Eastern Kansas is as flat as all my images and memories of the state. Maybe that comes from driving on I-70. The last couple of legs of this journey we haven’t been on I-70, but we have seen the lush, flat farmlands the state is famous for: dark green corn fields, golden acres of wheat being harvested this month, small towns, and grain elevators. If there is a tree, it is a cottonwood. Western Kansas is experiencing drought, but the eastern part or the state is having much the same weather as Texas, which means rain. It was sooo green. We have never seen it look so beautiful.

As we came west along Kansas 156 on Wednesday, we were amazed to see water on both sides of the road. We wondered if there had been a flood, since we knew that Kanapolis Lake, which we had just left, had been flooded in May. We discovered we were driving next to the Cheyenne Bottoms Preserve, held by the Nature Conservancy. The 7,300 acres of marsh wetlands host nearly one-half of all North American shorebirds migrating east of the Rockies. We didn’t see any birds, but we sure did see a lot of water. In Kansas? We were amazed.

Why all this time in Kansas in late June? It isn’t the typical tourist destination. John’s ancestors were pioneers in Kansas, settling just across the state line from Missouri in Olathe in 1860. Those were the years of Bloody Kansas, when the prelude to the Civil War brought border raids between Kansas and Missouri as it was being decided whether the state would have slavery or not. Two decades later, his great-grandfather and mother homesteaded in southwestern Kansas in Kearny County. This week we found the land they settled on—where combines were just harvesting the wheat. It is very rich farmland.

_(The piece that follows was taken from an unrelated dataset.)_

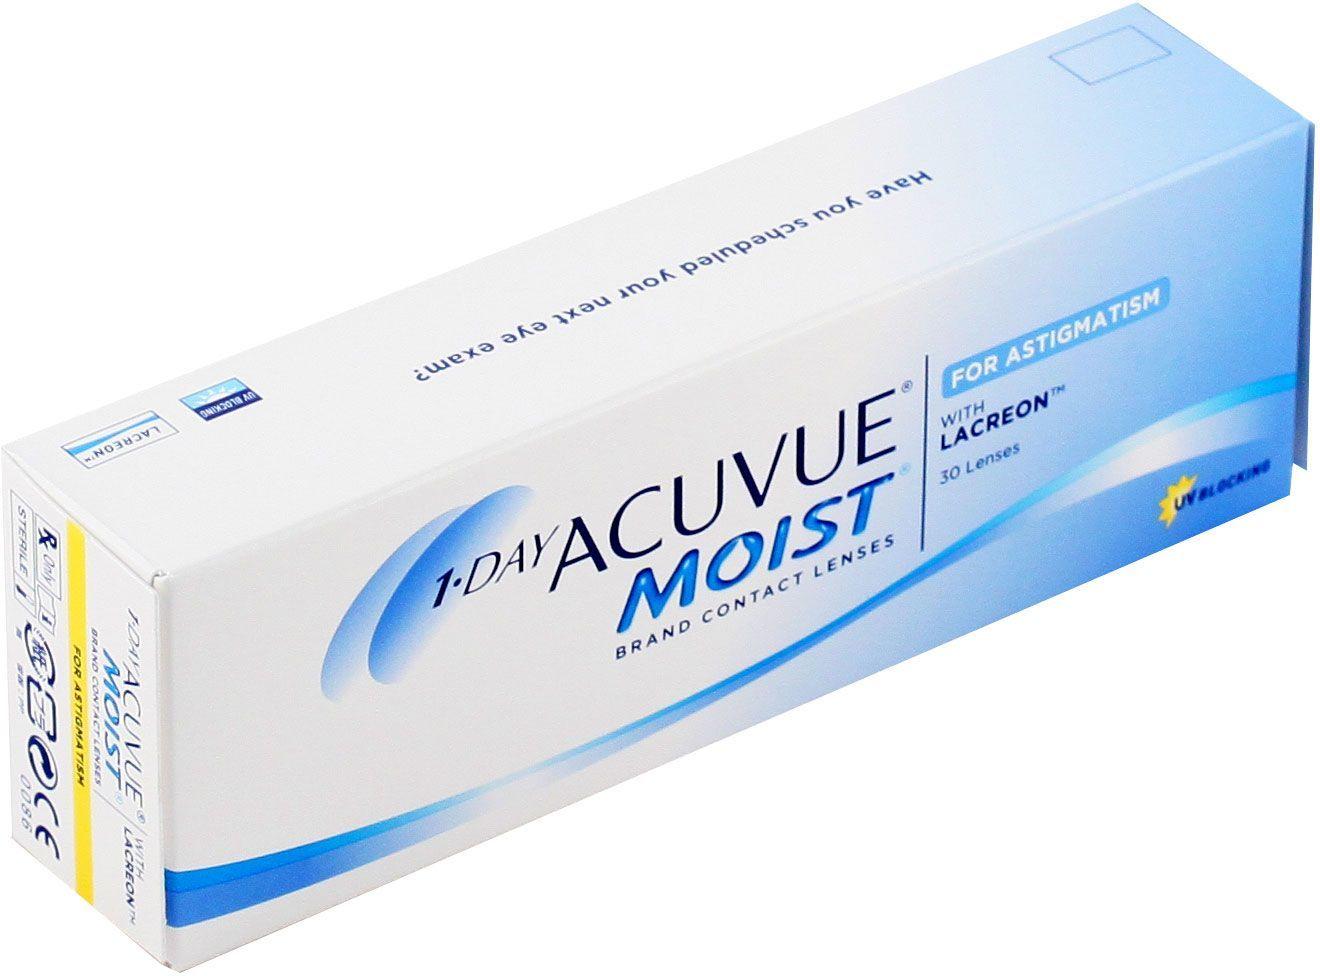 bba0ca38c7f5 Купить контактные линзы 1 DAY ACUVUE MOIST for ASTIGMATISM (30 линз ...

It has been an interesting journey. We try to feel connected to America’s heartland, since we learned of the family connection here. Our stay at the Venango Corps Park, and earlier at Lake Stockton State Park in Missouri, put us in contact with local farmers enjoying their weekends at the lake. For many people in these states, their fate is in the hands of weather and the market for farm products. From the looks of Garden City (where we stayed in an RV Park) and Lakin, the county seat of Kearny County, where John’s family lived, farming can be fairly prosperous at times. We know that drought and hail and other factors make it very risky at other times. Many of those staying in this RV Park are part of a harvesting crew out of Minnesota, traveling throughout the plains cutting grain. Traveling across this country and into Canada helps us to understand a little of how other people live.